Chemehuevi Indian Tribe
Established in 1907, the Chemehuevi Indian Reservation is located approximately 40 miles south of Needles, California on the California shore of Lake Havasu, across the reservoir from Lake Havasu City, Arizona. The Reservation is comprised of approximately 32,000 acres of trust land that includes thirty miles of Colorado River frontage.
The Reservation is divided into two segments, one directly north of Havasu Landing and one directly to the south. An improved road cuts through the northern segment from Havasu Landing with unsurfaced roads branching off of it.
The Chemehuevi Indian Tribe has an enrollment of 1,145 members, with approximately 250 living on the Reservation. Approximately 350 tribal members live near the Reservation area and access and use Tribal water resources.
Current Water Use and Operations
Most of the water use on the Reservation is municipal and industrial. Because of poor quality soils, little farming occurs on the Reservation. However, the Lake Havasu area experiences extremely high levels of visitors during the spring and summer and many holidays.
Agricultural water use on the Reservation has focused on providing native plants for cultural purposes and localized fruit and vegetable production for the community. Efforts have been drastically impacted by the lack of funding and the unreliability of an existing surface water pumping station. The Tribal farm has been making a tremendous effort to make its current 80- acre parcel productive. Efforts to amend the soil has caused an increase in water use and additional irrigation needs. Irrigation water is conveyed mostly by approximately 15 miles of pipelines pumping directly from the Colorado River and a few miles of ditches and unlined canals to direct and store flood water.

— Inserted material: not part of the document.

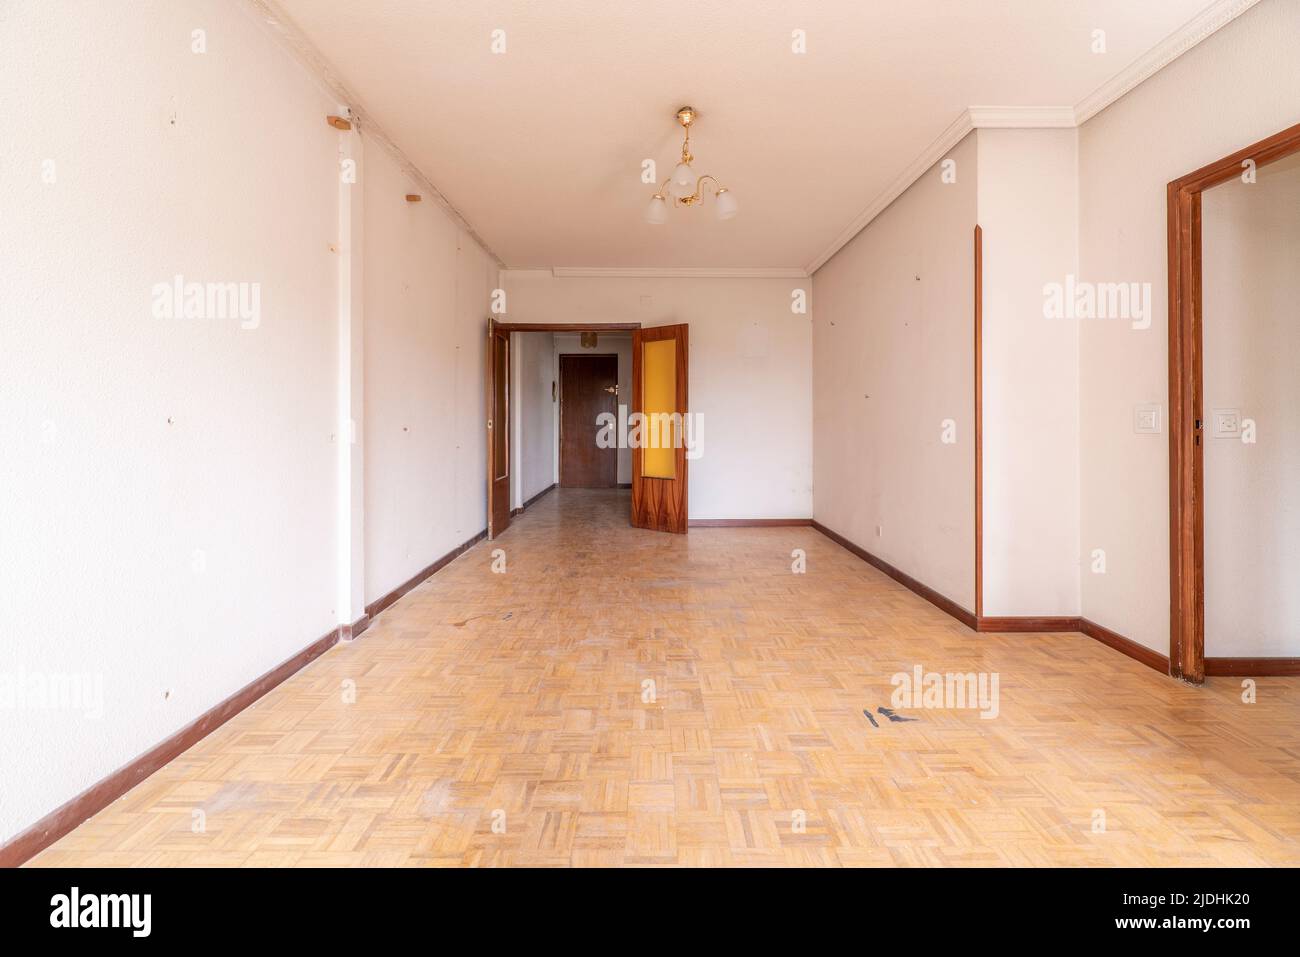 Empty room with parquet floors in need of a coat of varnish, wood carpentry and orange glass on the doors Stock Photo
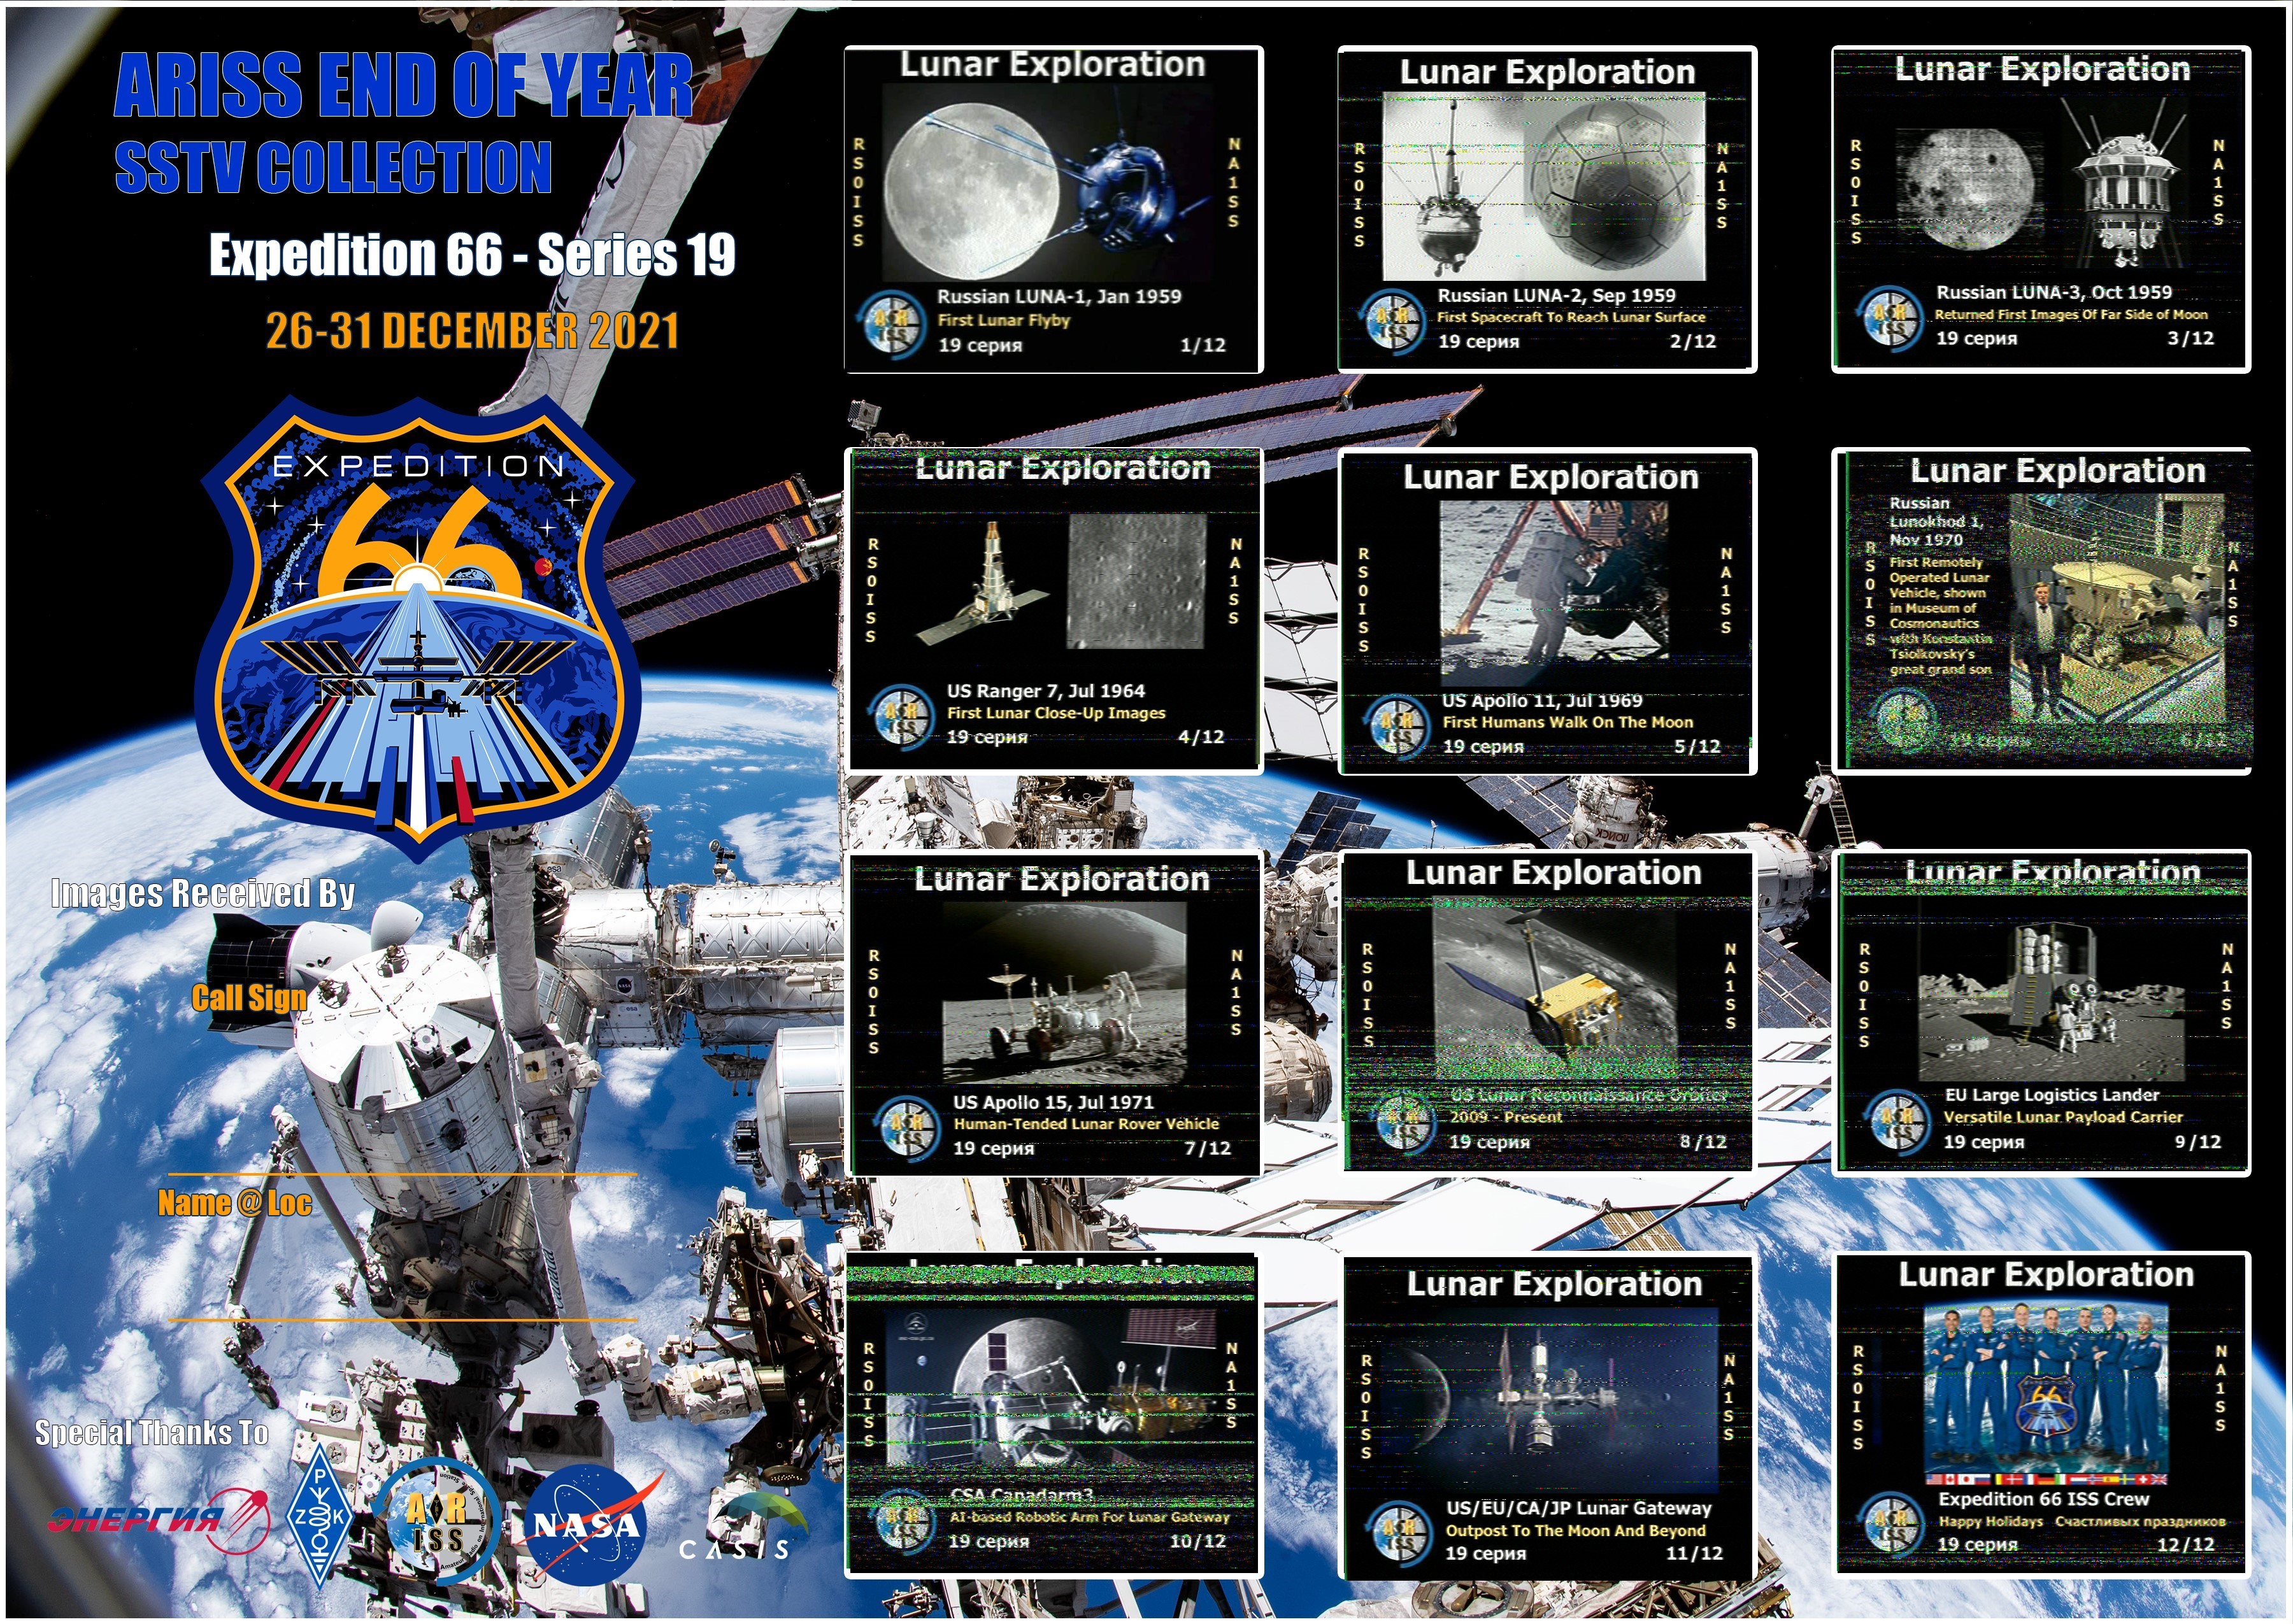 END OF YEAR SSTV Collection DEC 26-31, 2021.jpg

Colorado River water is diverted for domestic and municipal use from wells located on the Reservation in the River’s floodplain. The East and West Wells pumping stations feed the public water supply system for the Chemehuevi Indian community, the Havasu Landing Resort & Casino entities, and Vista De Lago, a gated community located off Tribal lands but a user of water transferred from the Tribe.
Annually, the Tribal Environmental Department completes projects to expand native vegetation habitats in riparian zones. Areas infested with non-native salt cedar (tamarisk) are being revegetated with native cottonwood, willow and mesquite. This restoration effort used five acre feet per year (AFY) between 2010 and 2014.